Between insurance companies selling their broker/dealers, private equity largely filling that void and smaller firms selling to larger b/ds, we asked Baker, “How has United Planners addressed the issue of ownership stability and predictability in light of these changes?”

Baker responded, “United Planners was formed as a limited partnership by the founding partners primarily to avoid the potential of a corporate acquisition. Advisors appreciate coming to United Planners knowing that the fate and destiny of their broker/dealer and investment advisor does not lie in the hands of a few executives sitting around a boardroom table. But rather, it rests in the voting rights of over 150 advisors that qualify to be limited partners. The limited partnership structure makes a sale of the firm extremely difficult, if not impossible. We have been the recipient of a lot of quality advisors looking for that stability that is rare in an era of private equity and smaller firms being acquired by larger firms. We don’t have to answer to shareholders, a sole owner or insurance company. We answer to our advisors.”

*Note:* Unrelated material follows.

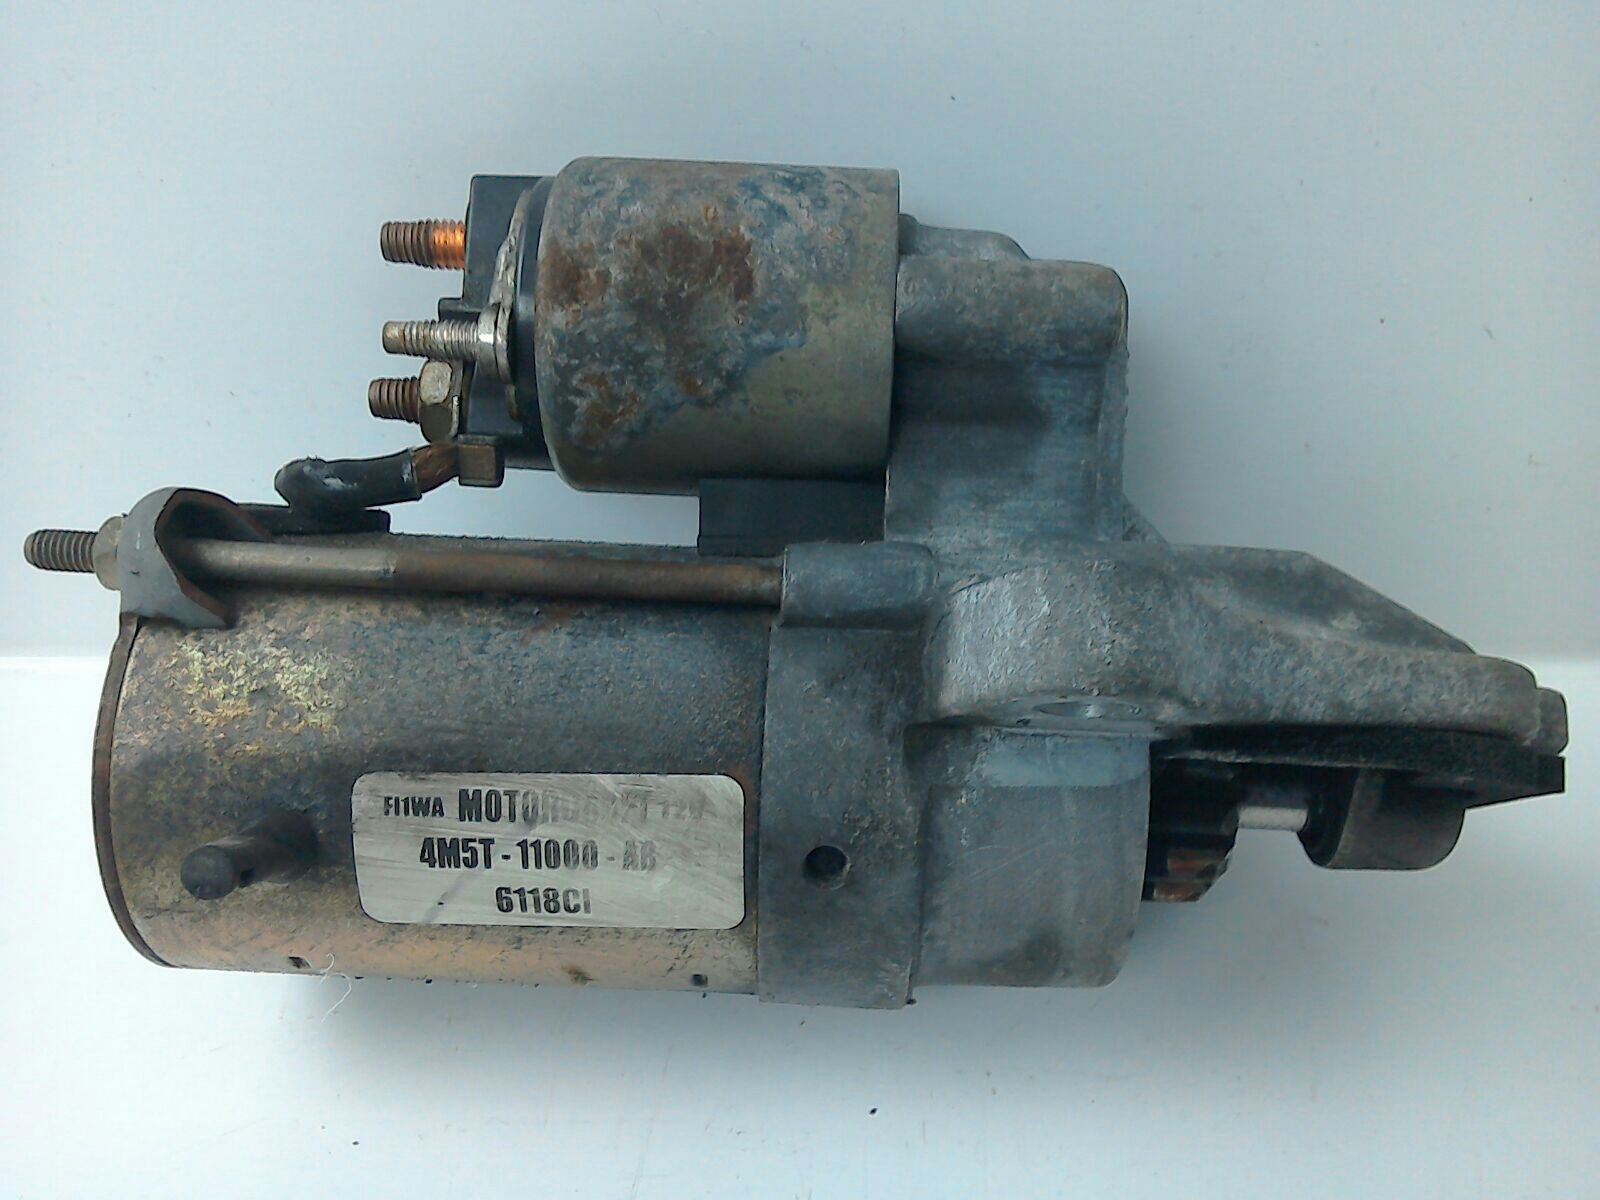 ... FORD FOCUS MK2 1.8 16V STARTER MOTOR 5 SPEED MANUAL MOTORCRAFT  4M5T11000AB 2006 ...

CFPs that have not yet positioned themselves to a fiduciary standard on their investment advice may find their current b/d greatly conflicted in their ability to offer their clients what is in their best interests. Repositioning your clients into a fiduciary-focused true hybrid broker/dealer environment that brings more choices and lower pricing will not only safeguard your practice away from potential conflicts of interest and opaque pricing but also shield you from litigation-hungry securities attorneys.  

Jonathan Henschen is the president of Henschen & Associates, a recruiting firm in Marine on St. Croix, Minn.